It had been four years since I died and I was just starting to feel that I wasn’t pretending to be a dungeon instead of a wolf. I was still at eighteen floors but I had enhanced them greatly. The surface was technically my first floor and I had pushed the sparse trees to grow into a tangled maze in which creatures and people both could get lost and my outer packs could hunt. When I reached the edges of my influence I found that I was actually at the end of a wooded ravine that opened up onto the larger forest. The wood was patrolled by three [Lesser Alpha Wolves] made with those little knives the old man gave me, each had a pack of a dozen wolves that they conjured around their own hides. In addition I had a few owls that I conjured that would attack anyone who made it to my clearing. This outer guard also took down enough small prey to keep the edge off my hunger. They also had managed to bring me all but two of my larger meals to date, including several Highland Elk, those boars who used to destroy my bushes, and a pair of humans with packs of belongings. After those last I had many different metal patterns to choose from. I found the little round disks humans carried to be the most useful.
Inside my cave I had the “boss” of the floor. He was an experiment that I was still unsure of. Star had mentioned that we could combine patterns and decided to try it out by combining the pattern of a wolf with that little knife. I thought that it would give him fangs or claws that were made of iron but instead it changed his fur. It did armor him, a regular wolf could no longer bite into his hide, but it made him slow. I named him Graymane, by which I meant He of the Rough That Is Gray Like Iron, and I made him my first “boss” as Star calls them. She says that I can have a “boss” every floor and they will be stronger than the wolves on the next floor without needing any more upkeep, but if I only have a boss every few floors that I can make them stronger. I resolved to put one every three after the first.
Oddly enough, once I made him a boss there was a void in him that I had to fill with additional patterns of objects. I used his iron hide, the medicine I got from the old man, and amethyst stone I found exploring the forest. The one time he had to face combat I found out that when he died all of those would be dropped where he fell.

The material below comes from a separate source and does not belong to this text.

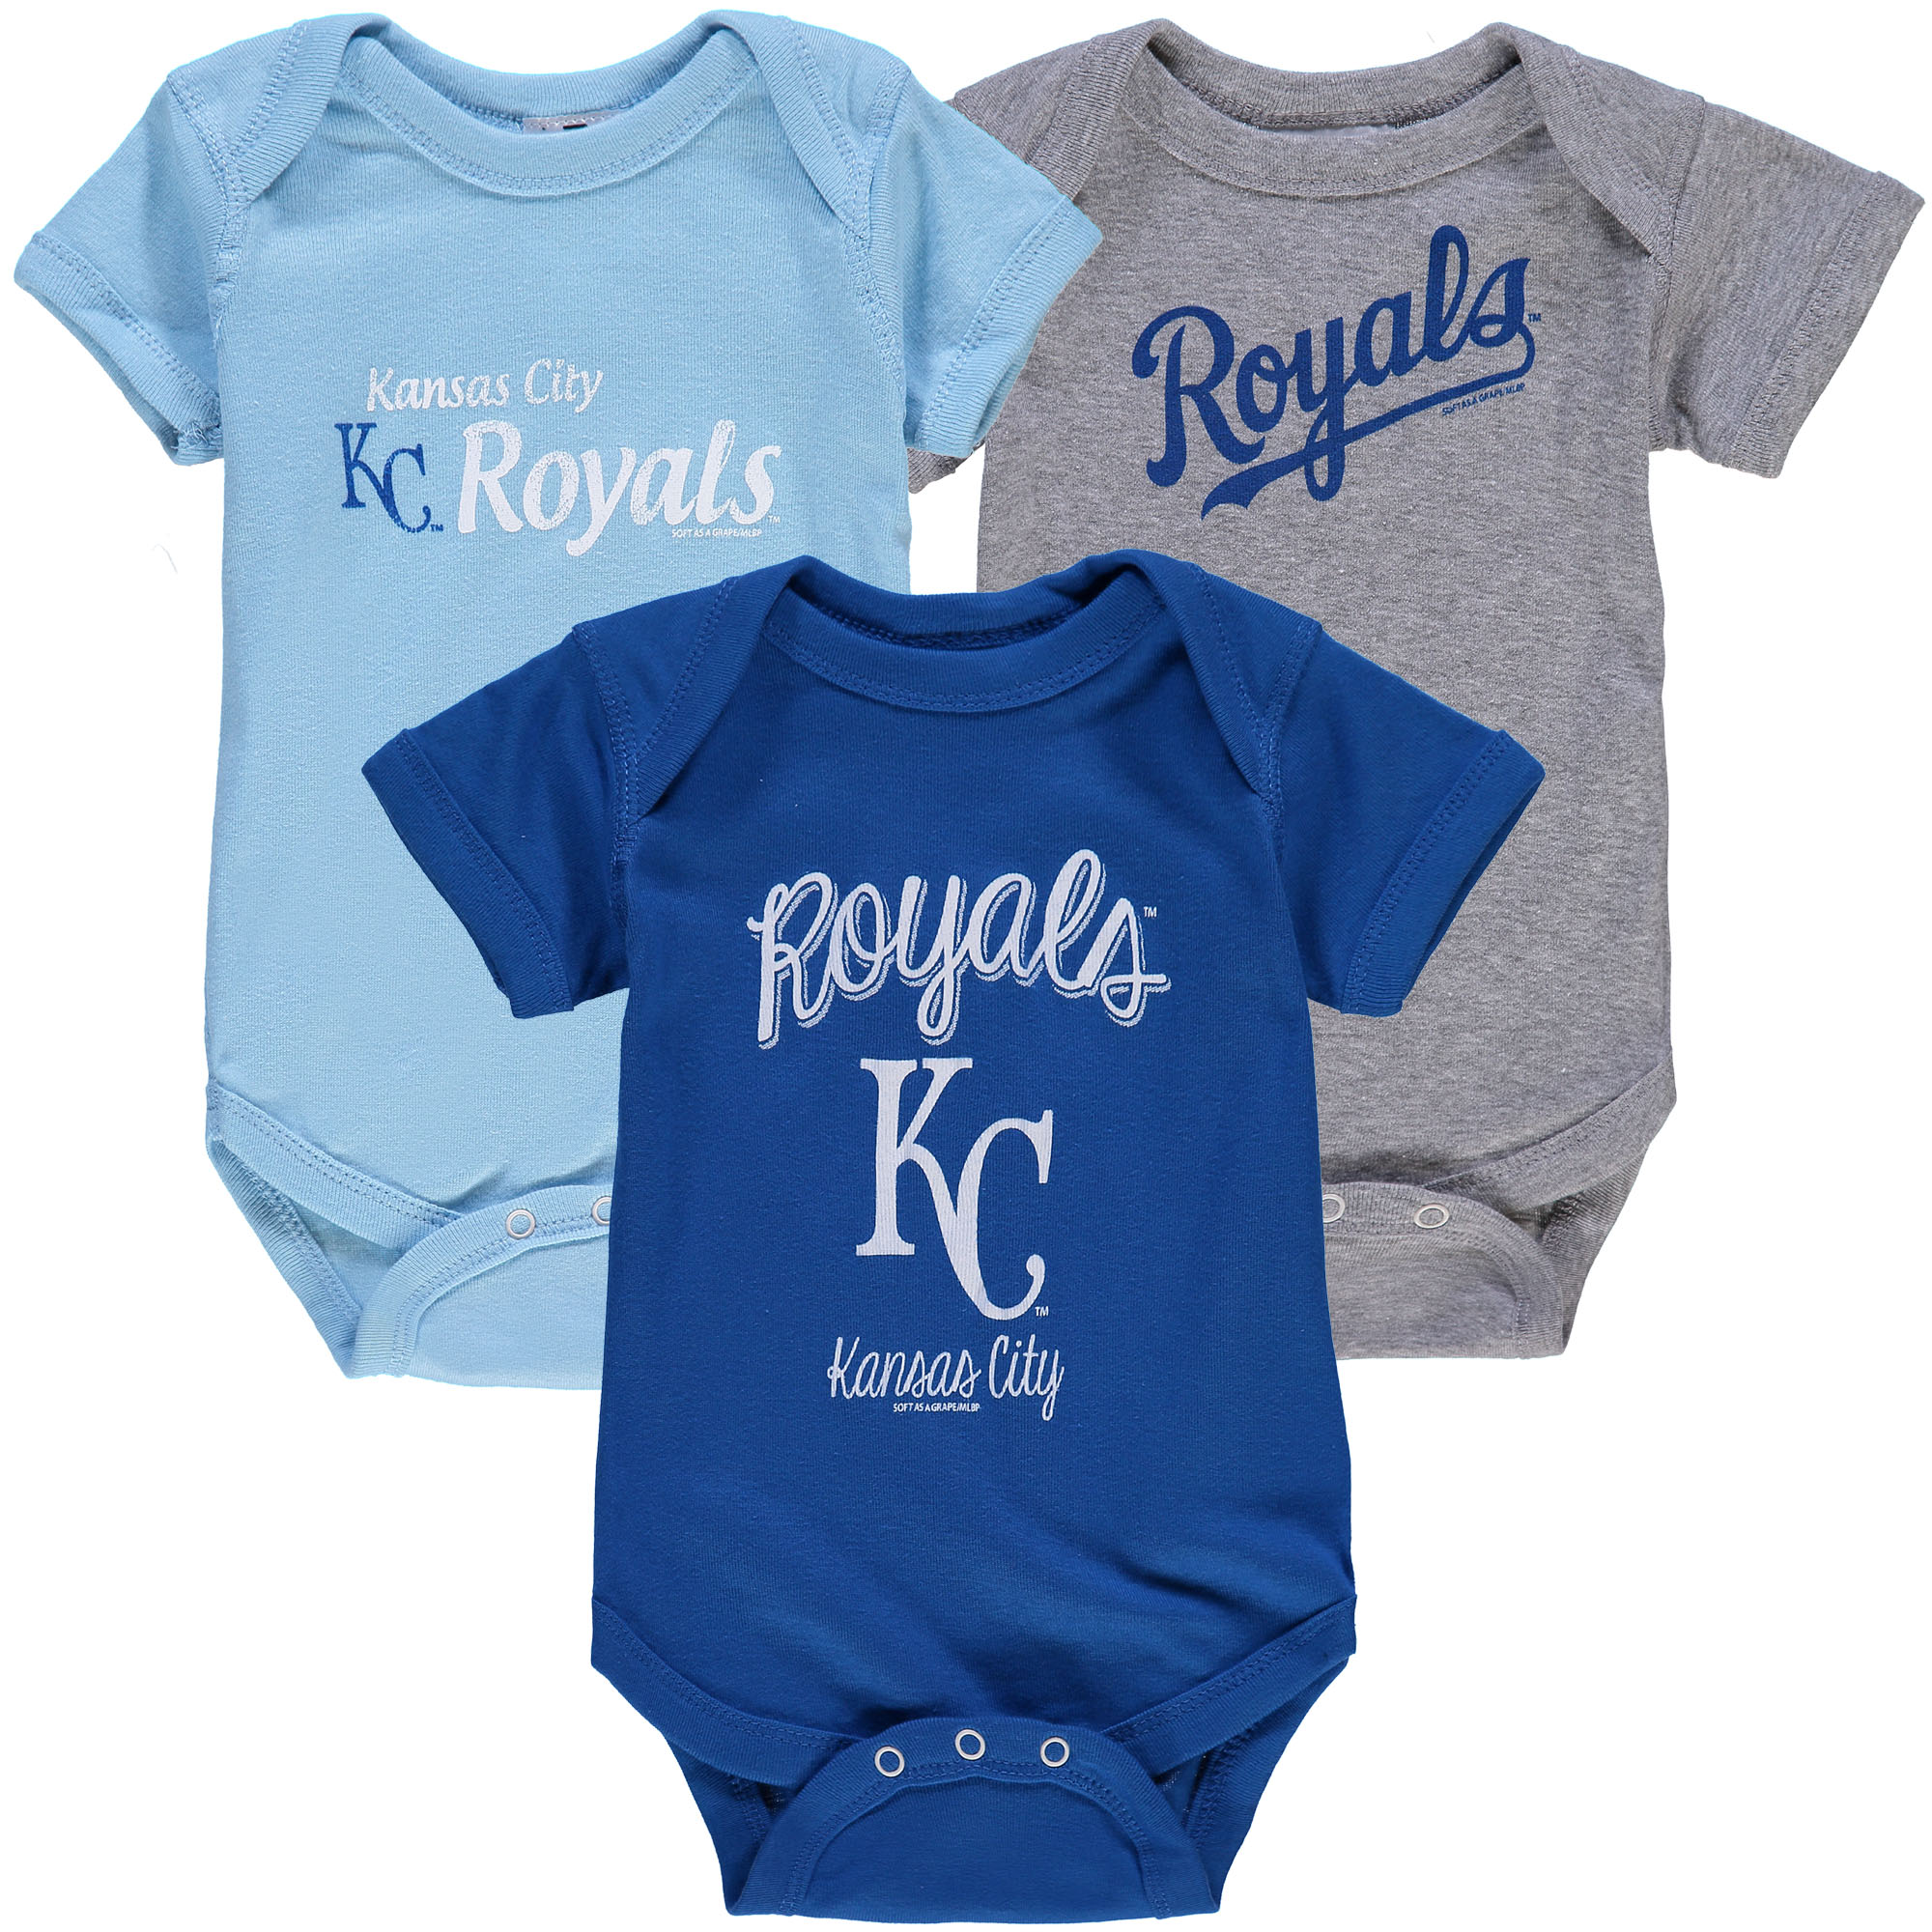 Kansas City Royals Soft as a Grape Infant 3-Pack Rookie Bodysuit Set - Royal/Light Blue/Gray

That time was the only one where a creature got into my dungeon. It was a bear, dark of fur and with a core bursting with potency in his chest. I had just finished laying out the birch wood hills and ravines I was using for my seventh floor, about a year after I had become a dungeon, when this thing killed my outer pack like they were nothing. He similarly swept through Graymane. I watched as he strolled through my second and then third floor with not even any effort. This beast was Strong. He suffered his first injury on the fourth floor when all seven of the [Dark Wolf Alphas] swarmed him with their full packs. Still he moved forward, pausing only to soak in the Essence of those he slew.
I knew instinctively that he was after my Core and felt real fear for the first time since dying. Then I recovered myself, I was NOT prey. The fifth floor was swampy. I had my [Mossfang Wolves], a more successful experiment, harry him and lead him into the deeper mirk. Soon the shaggy beast was slowed by the mud and dragged down into the water and drowned along with half the wolves holding him under. I rewarded him for his valor by making him the fourth floor boss. His core and hide were enough together to anchor him. I named him Struggle, by which I meant He That Struggles In The Face Of His Inevitable End.
A year later I had my second invader to breach my depths. This one was a true monster, a goblin. The worst part was the vile little thing refused to die honorably. I had finished my fifteenth floor and was working on testing different trees for the forest of the next when I got a strange feeling. One of the rabbits I had put on the fourth floor for my wolves to hunt had died when none of the packs were nearby. At first I thought it was a fluke but then it happened again two days later. Curious, I started watching the area where the rabbits had died. Two days later I saw, or rather failed to see, something not there kill one of my rabbits. As soon as the corpse dropped it vanished and something started to take in the small amount of Essence. I called in my pack, but they found nothing, not even a scent of the dead rabbit.
I played cat and mouse with this thief for another two months, with it randomly appearing every two days on the third or fourth floor and stealing a rabbit. After screaming in frustration for the hundredth time, I lamented to Star over the invisible thief. I don’t know why but I had not mentioned our interloper to her until this time.
“Well,” she said, “it sounds like it is killing the rabbits for food. Why don’t you just stop making the rabbits drop meat? It is not like your conjured wolves even need to eat.”
This story has been stolen from Royal Road. If you read it on Amazon, please report it
This revelation hit me harder than it should have. I knew that my pack were not real wolves. Only the boss wolves like Graymane and Dream even had real personalities, but it hurt to realize how much I had been deluding myself. I would make this thief pay.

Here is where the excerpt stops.